Perhaps the most important
characteristic of the Southwestern environment, therefore, is its diversity.
Sizzling summer temperatures, mild winters, and rainfall of less than 10
inches a year characterize the low desert (the edges of the Sonoran desert)
to the south. Here the dominant vegetation includes cacti, shrubs,
and low trees along drainages. The ruins of Fenix lie in this zone.
North of the Sonoran desert
run beautiful mountain ranges. Below the timber line, pine forests
or woodlands cover ridges and slopes, with grassy meadows or sagebrush
in valley bottoms. Temperatures may be 10-15 degrees Celsius (18-27
F) lower than in the Sonoran desert, rainfall 2 to 3 times higher.
Further north is the High Desert.
This features broad areas of mesa and plateau.
In between are transition
zones, often sharing characteristics of both mountain and high desert.
They feature rapid changes in topography. Such zones vary greatly
in both vegetation and environmental conditions. They present a formidable
challenge and opportunity to would-be settlers relying on hunting and gathering
or agriculture.
The rapid changes in elevation in many parts of the Southwest make it possible to travel only 20 or 30 miles and move from the heat and aridity of the desert to the cooler, more luxuriant mountains. For thousands of years, therefore, people have been able to exploit a variety of environments with minimal movement. Many groups still take advantage of that opportunity.

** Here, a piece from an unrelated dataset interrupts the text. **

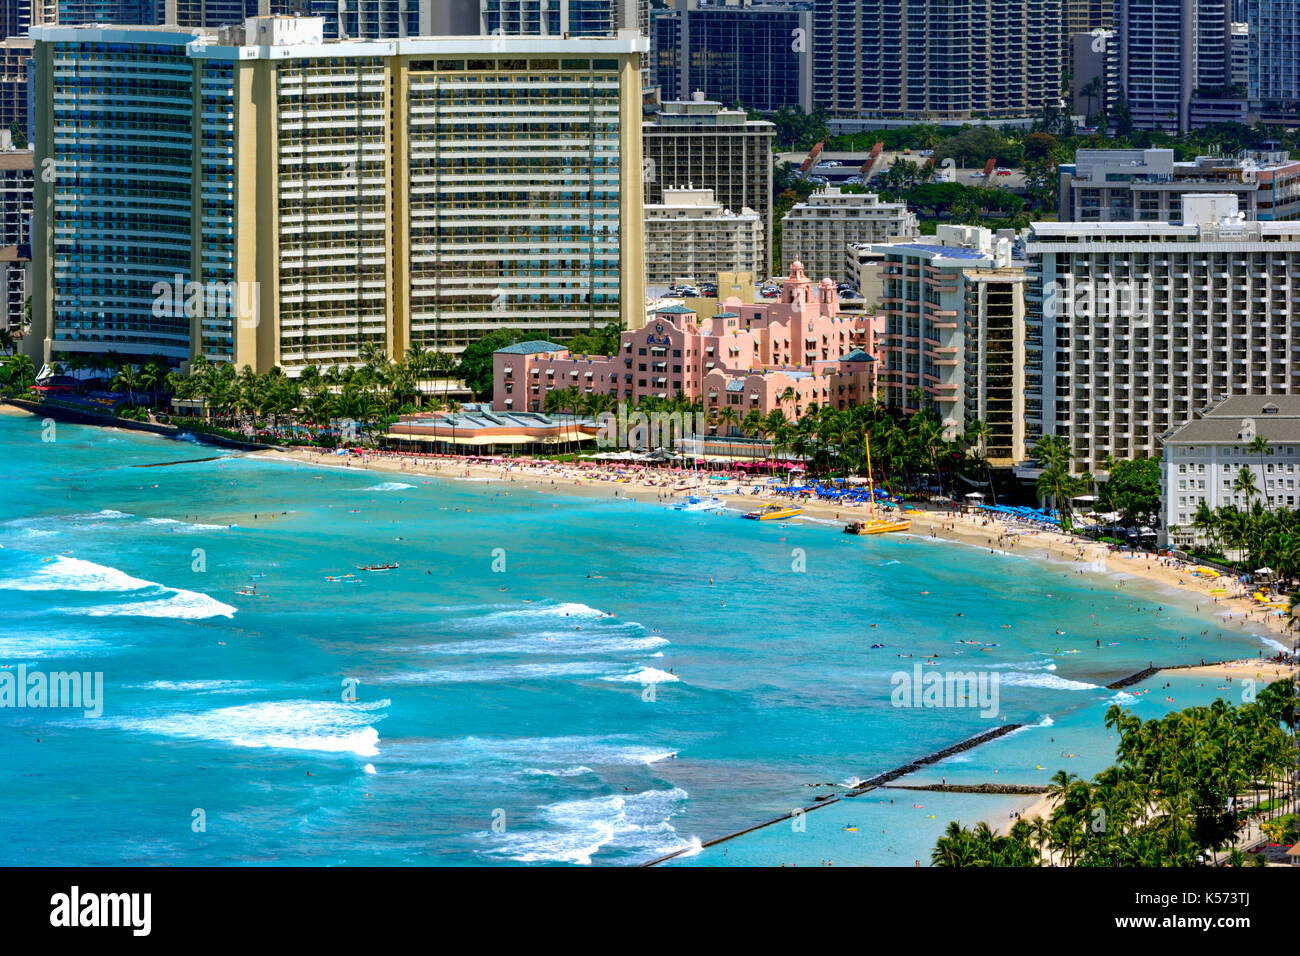 La plage de Waikiki avec littoral et hôtels dans l'arrière-plan. Bâtiment rose, hotels, catamaran à voile, les surfers et les baigneurs Banque D'Images

adapted from "Indians of the Southwest"
The
Hot Desert
At dawn, a blood-red sun hangs sullenly
over a burnt and tortured landscape. Some is nuclear desert, poisoned
by the side-effects of attacks on the great coastal cities of the Ancients.
About 150 years of radiation exposure has created new and terrible lifeforms,
and played havoc with pre-existing ones. It is a vast land of living
nightmares.
The desert near Vegaz is a simmeringly hot (especially in summer) dust bowl skinned of cacti and even the most hardy vegetation on its surface, where winds shriek and howl as they hurtle over the landscape. If a storm sweeping in from the ocean drops rain, it is a curse rather than a blessing - the rain is so alkali that it can strip a man to the bone in shrieking agony.
Yet some life survives. In the nooks and crannies, or in the depths of caves, some familiar living thing may be found. There are also the types of bacteria that live in sulfur springs and the like, able to neutralize chemicals or use and reshape the molecules to build their own bodies. These live deep enough in the sand to avoid the rainfall, but shallow enough to tap it as ground moisture. Other micro-creatures live at the surface because they thrive on the alkali contaminants. And there are the things that eat microscopia. And the bugs that eat them. And the insectivores. And eventually, at the top of the chain, a few Sep, incredibly rare but almost certainly lethal when they do appear, each one needing a vast territory to keep itself fed.
In the hot desert, the landscape consists mostly of sand and some patches of rock, sticking out like islands in a sea of sand. The baking sun strips moisture away from the body by day, necessitating travel by night. This hostile land looks utterly lifeless ... and the PC's, should they choose to enter (or be forced to), should find skeletons and mummies of dead creatures about as often as they find something living.
The desert stretches from the Gulf of California partway up the slopes of the Sierra Occidental. In Arizona, it extends as far northeast as the ruins of Phoenix and along the mountains of central Arizona. A small projection crosses the Colorado River and extends westward towards the ruins of San Bernardino. This northwestern prong is barely habitable. The desert does not extend as far north as Las Vegas.
There are no peoples living permanently in the main body of the Sonoran Desert. The peoples around it do not remember its correct name; they believe "Sonora" refers to a destination (a paradise or a city or some sort of mythic land) on the opposite side of this sea of sand.
Before the Final War, Las Vegas was a city devoted to pleasure and luxury. Being in the middle of the desert, it was a highly artificial creation. The first strikes of the War destroyed Hoover Dam and thereby doomed the city; without electricity, nobody wanted to live there, and there was not enough water to supply everybody anyway; later the fear of radiation kept people away. The nuclear strike on Nellis AFB did not do much physical damage to Las Vegas, but opened leaks and cracks in the outside walls, for years of weather and decay to exploit.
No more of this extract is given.